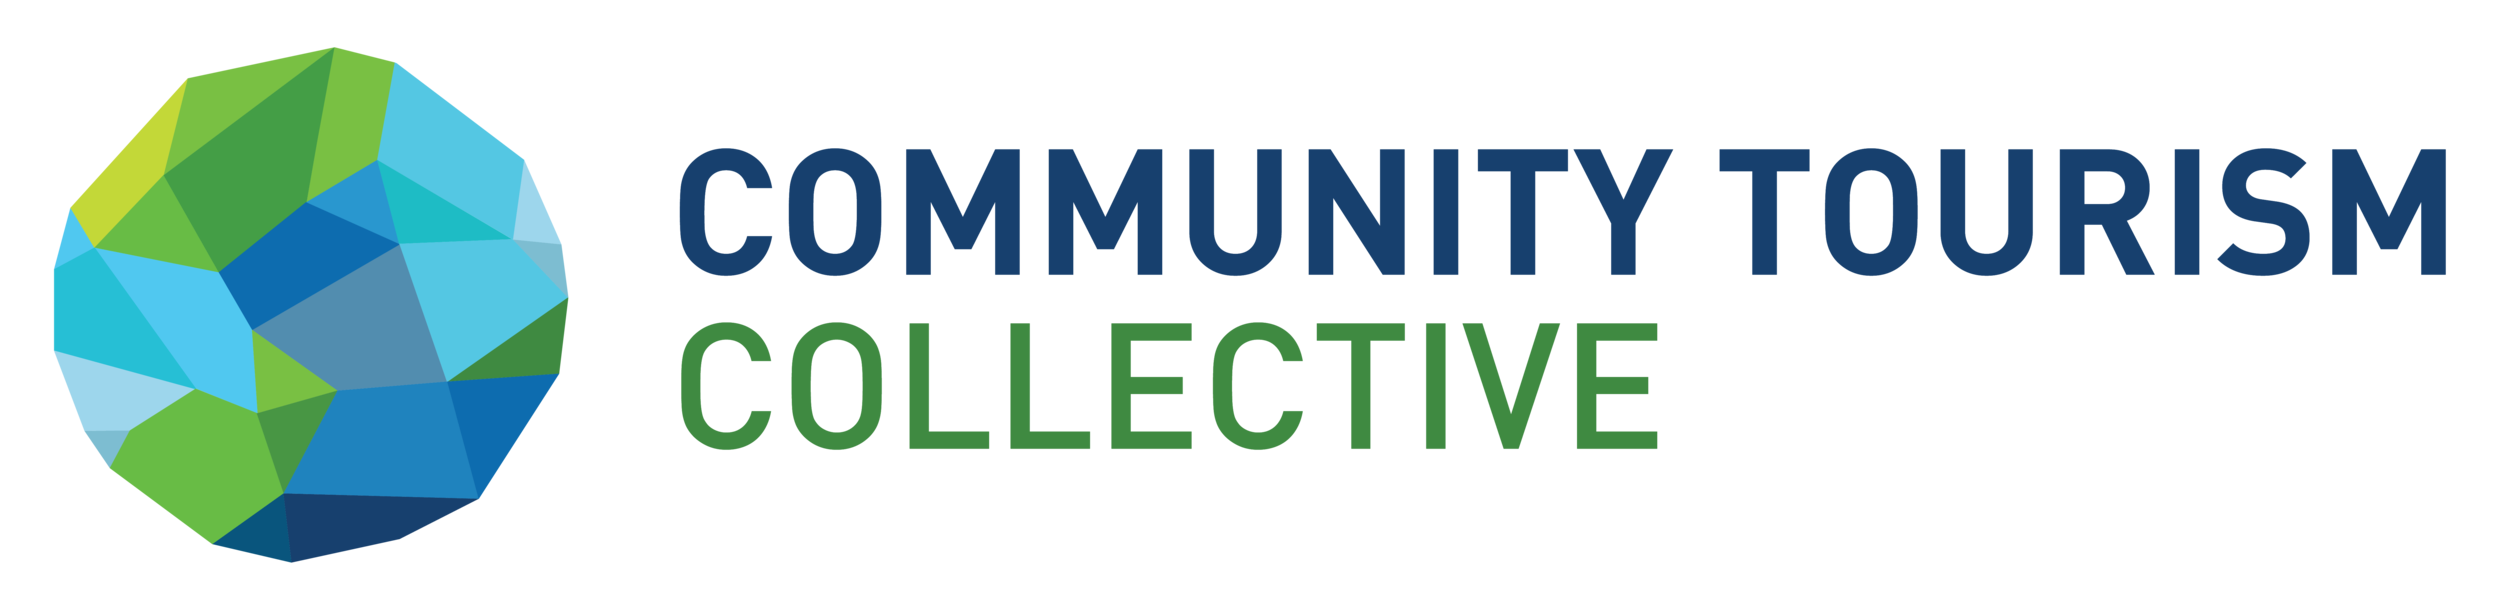 Community Tourism Collective2020-01.png
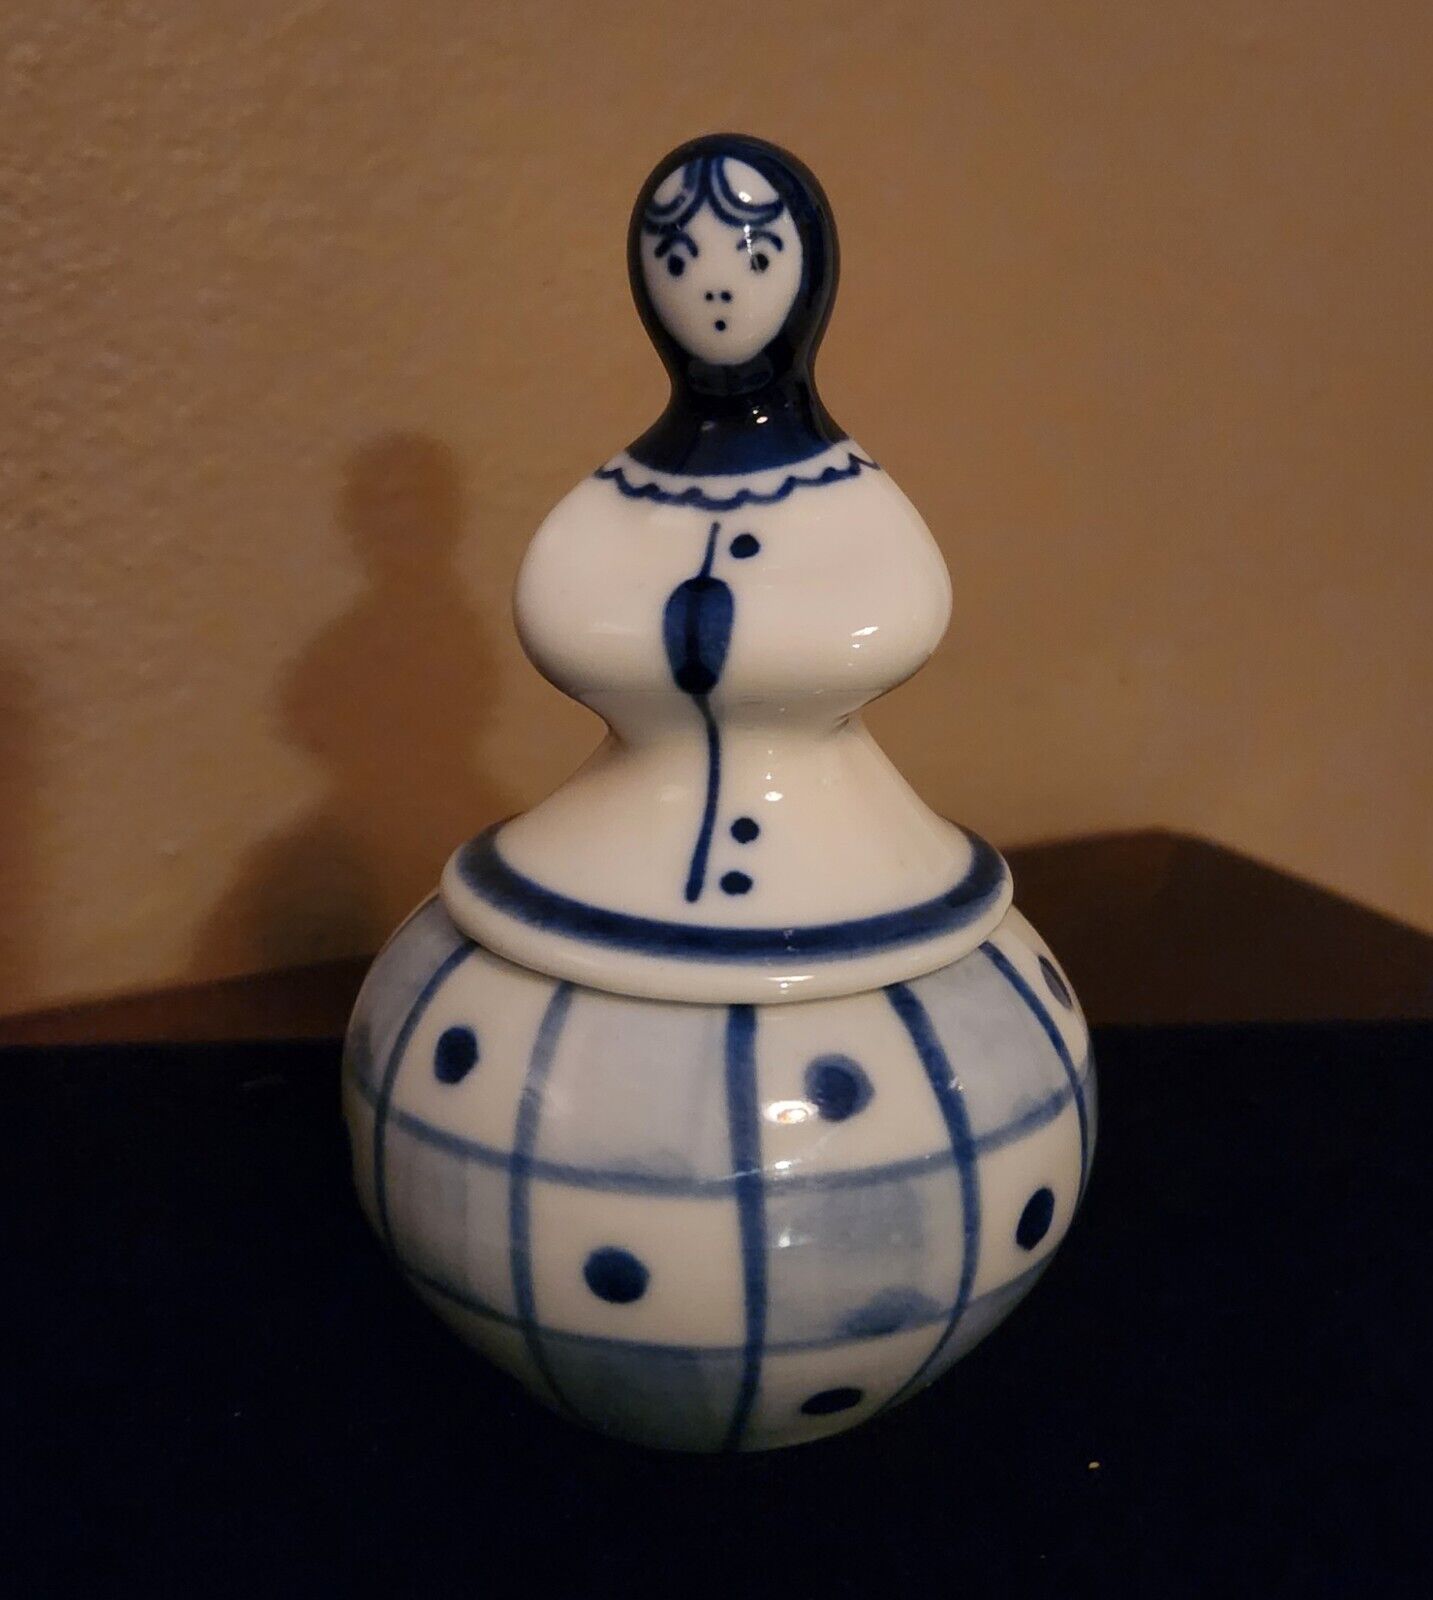 Vintage Gzhel Blue & White Porcelain Figurine- Hand Painted, Made in USSR
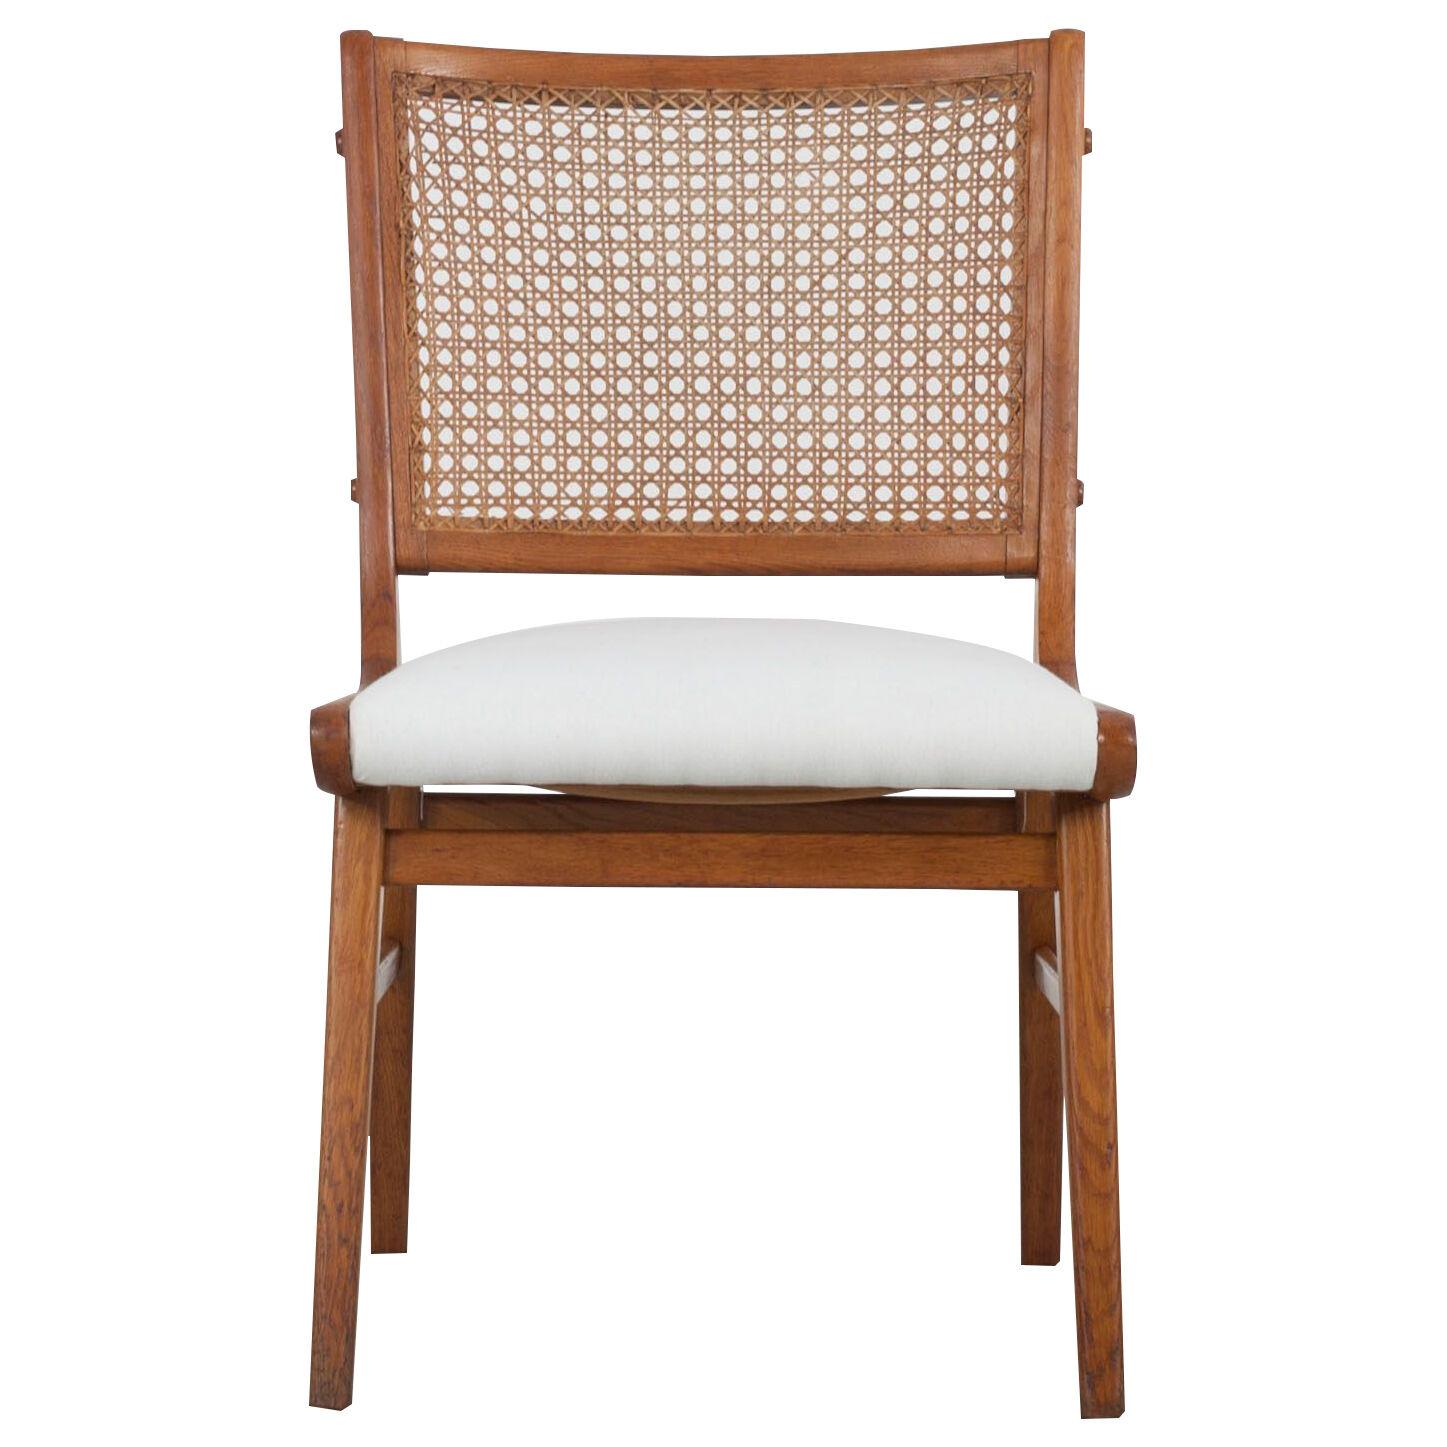 Set of 2 Sidechairs with Viennese Wicker, 1950's
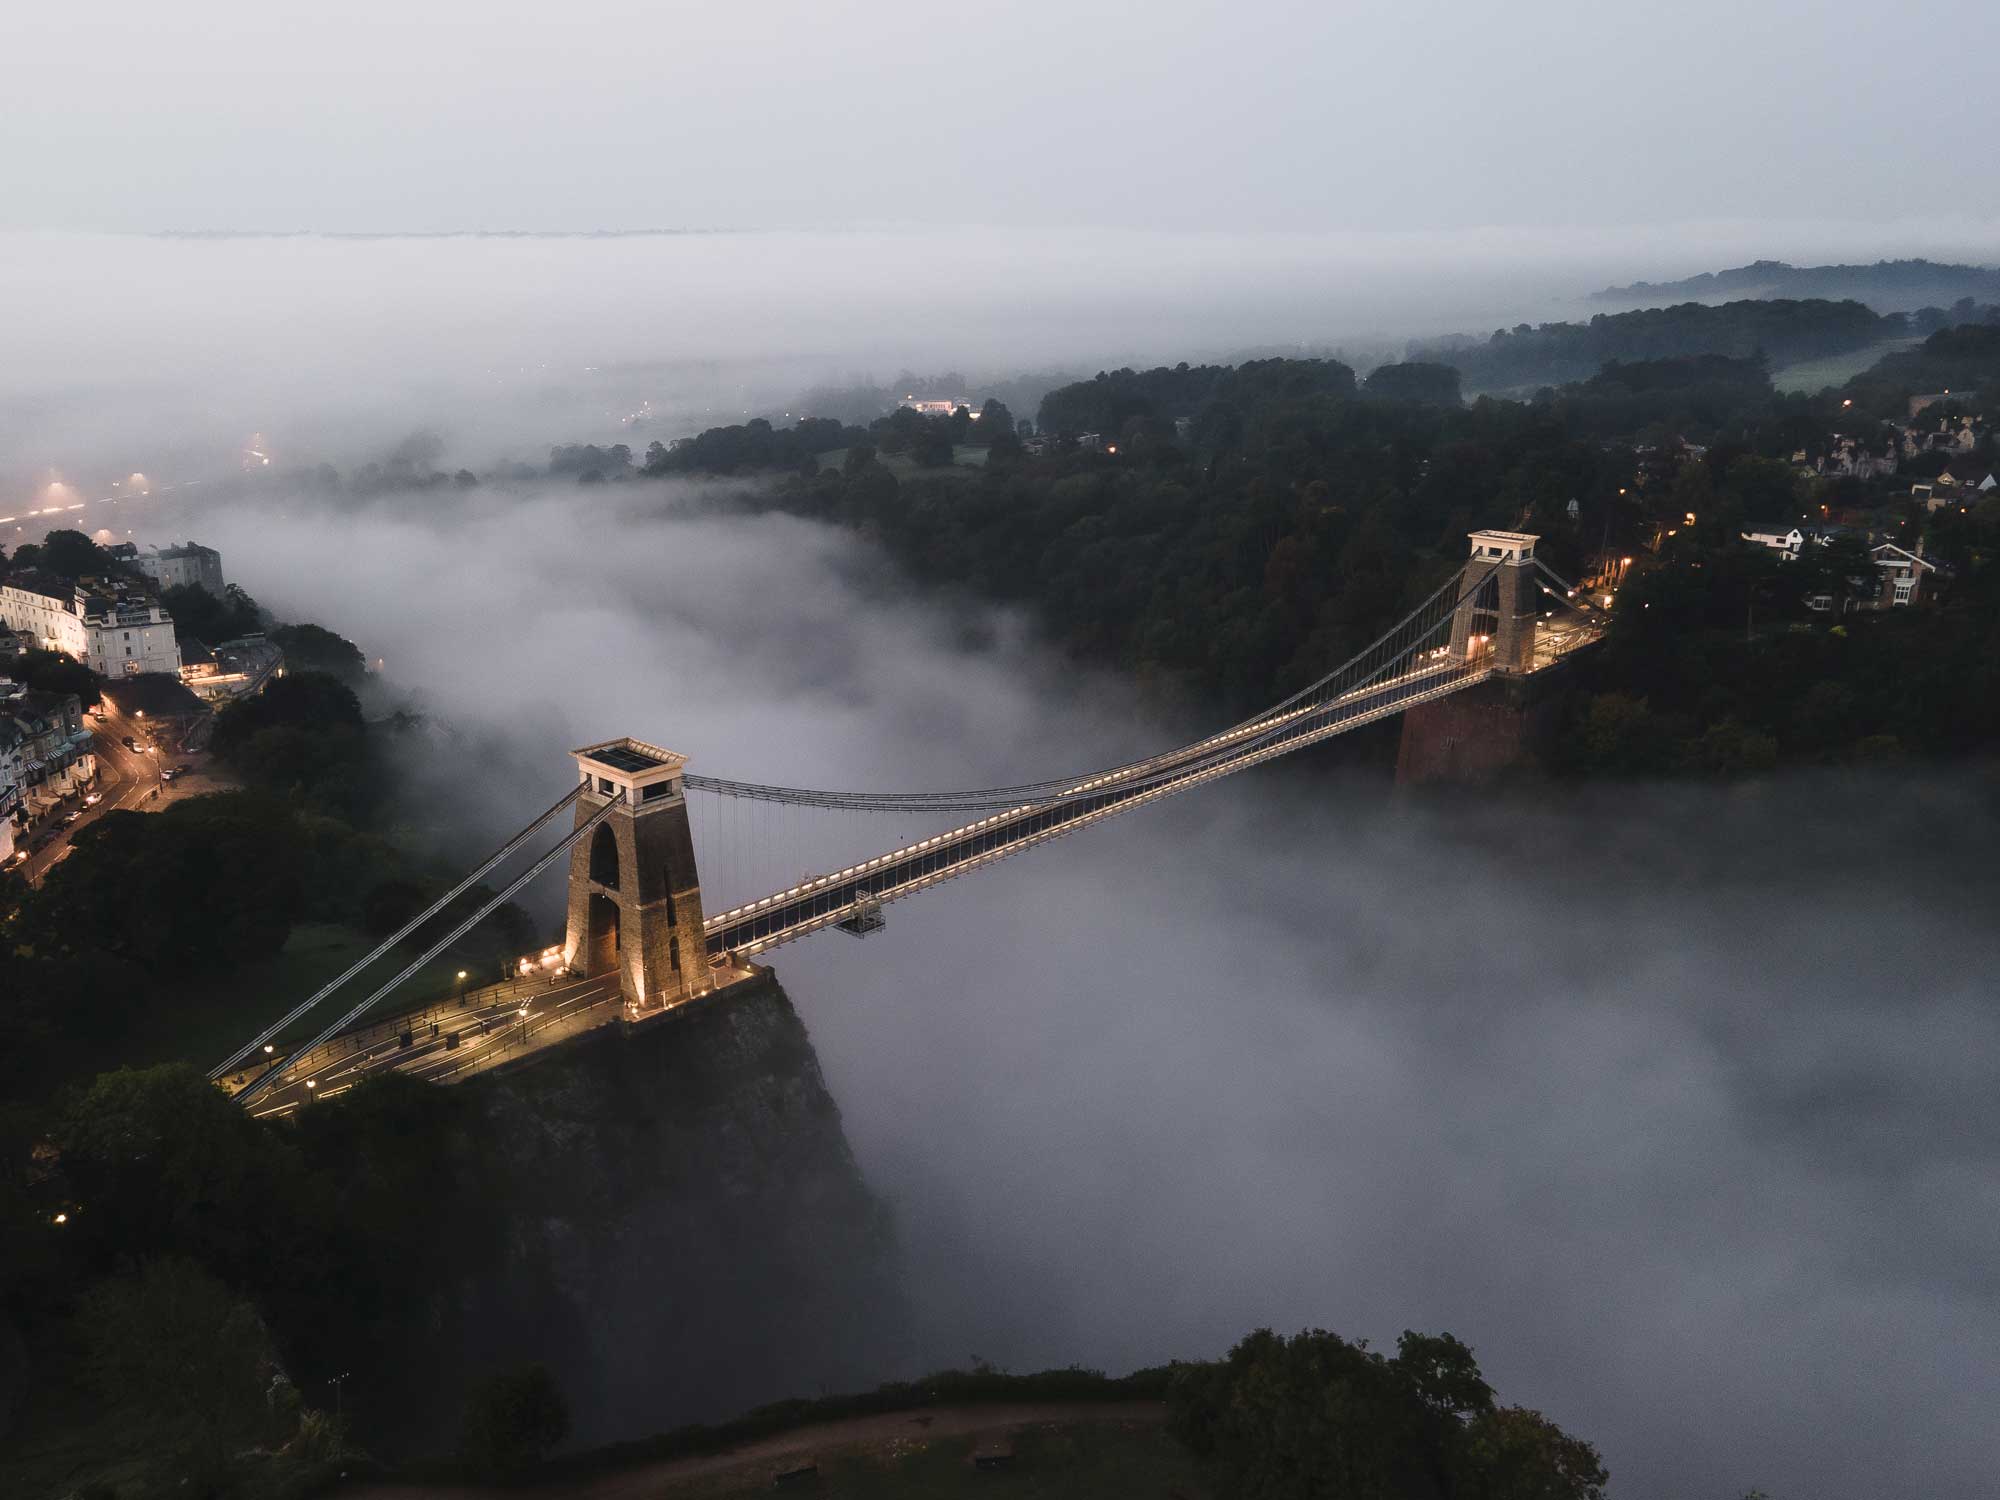 Aerial view of Clifton Suspension Bridge with mist below it

> _WHAT TO WORK ON_
Copy nothing but the lines from the one containing "Set of 2 Sidechairs" through the last line of the listing above, transcribed exactly and with no pictures.

> _TASK SOLUTION_
 Set of 2 Sidechairs with Viennese Wicker, 1950's
 Aerial view of Clifton Suspension Bridge with mist below it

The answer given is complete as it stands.